Apesar de existirem diferenças entre os grupos, também é notável que há certas aproximações simbólicas. Se aceitarmos a ideia de que esses grupos nasceram dentro de um campo social, com relativa autonomia, podemos compreender que essas aproximações simbólicas são aspectos do ajustamento dos grupos, enquanto ponto singular, dentro do jogo do campo. Em outras palavras, a singularidade, a diferença é estabelecida dentro dos limites impostos pelo próprio campo.
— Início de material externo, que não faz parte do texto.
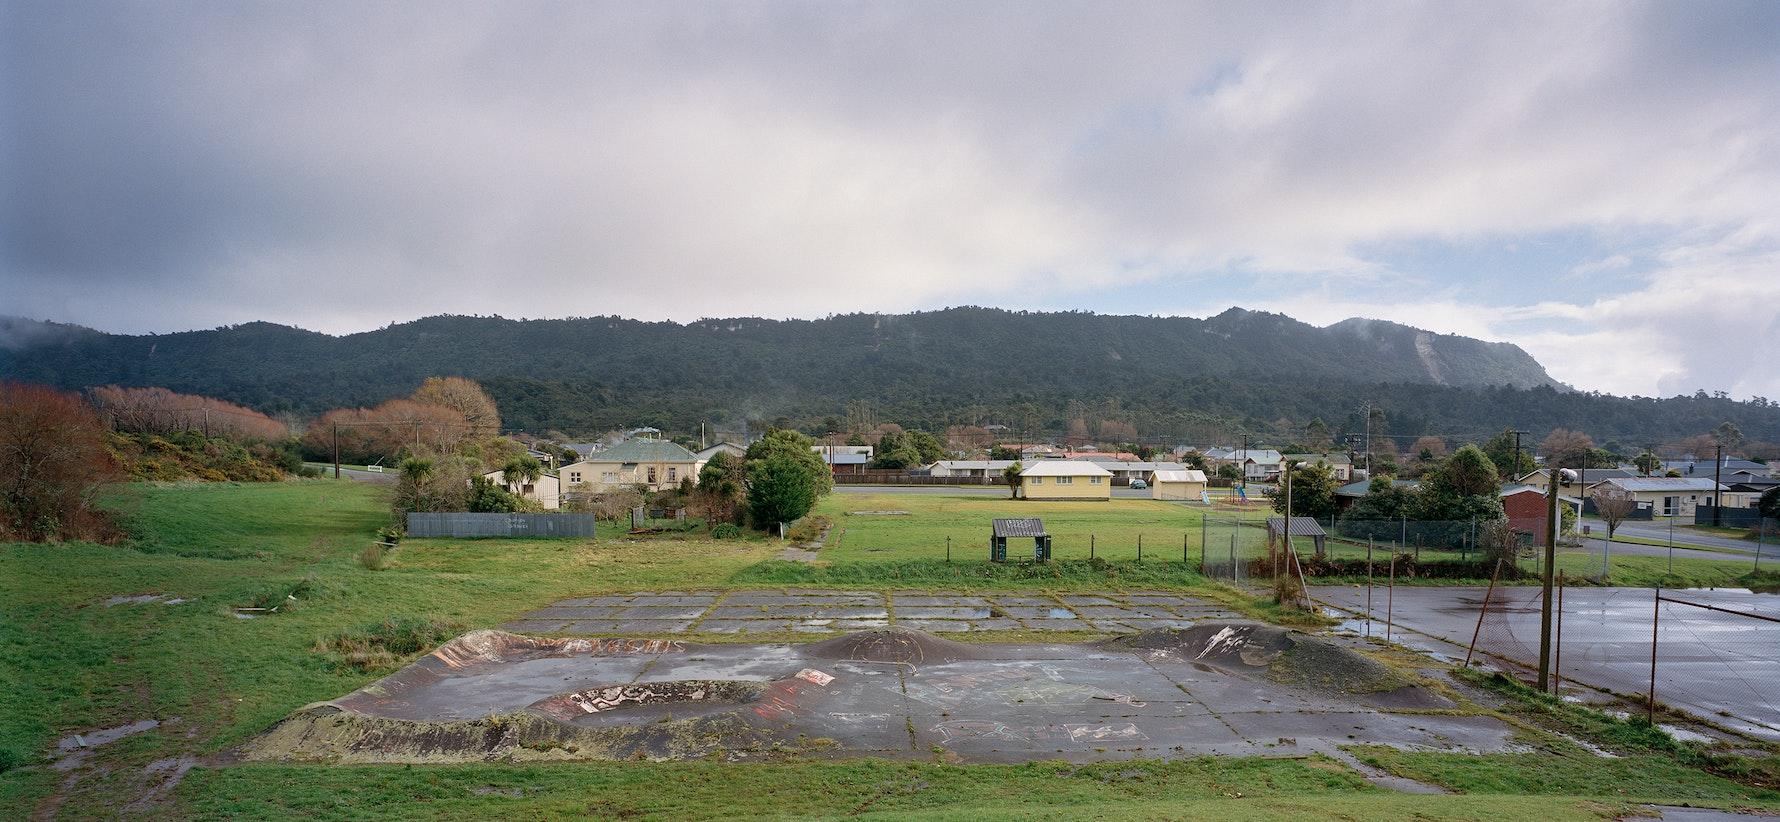 Runanga 'skate park', looking toward Rapahoe Range, 2015
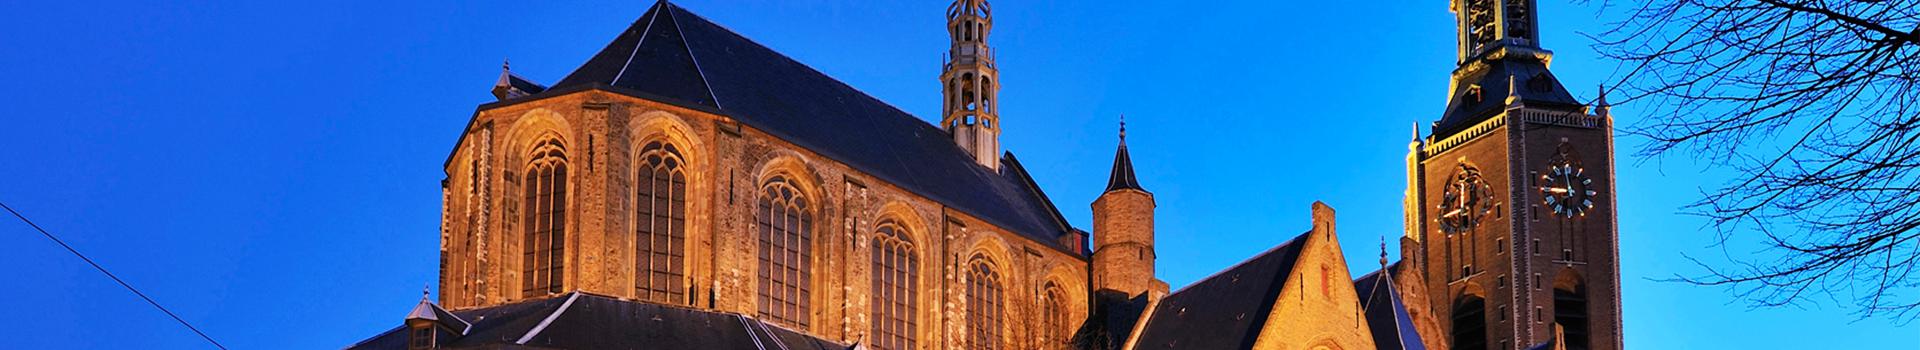 Stichting Orgelconcerten Grote Kerk Den Haag

Desse modo, notamos que o berimbau, que aparece nos brasões da ACAPRAS, Muzenza e Guerreiros dos Palmares, são parte deste ajustamento. Quando esses grupos foram criados, já havia um certo consenso sobre a representatividade simbólica do berimbau. Dessa forma, colocar o berimbau como parte do brasão, contribuía para uma aceitação mais rápida do grupo ao campo já constituído.

Os grupos que possuem o berimbau nos seus brasões são grupos criados durante os anos setenta (Muzenza), oitenta (ACAPRAS) e noventa (Guerreiro dos Palmares), o que nos leva a pensar que, durante as três décadas, o berimbau era um elemento simbólico preponderante no campo da Capoeira.

Claro, devemos ressaltar que o grupo ABADÁ, criado na década de 80, não trazia o berimbau no seu brasão. No entanto, vemos que o grupo Gospel de Ponta Grossa comunga com o brasão da ABADÁ, logo, tanto um como outro tem como parte de seu brasão o globo terrestre.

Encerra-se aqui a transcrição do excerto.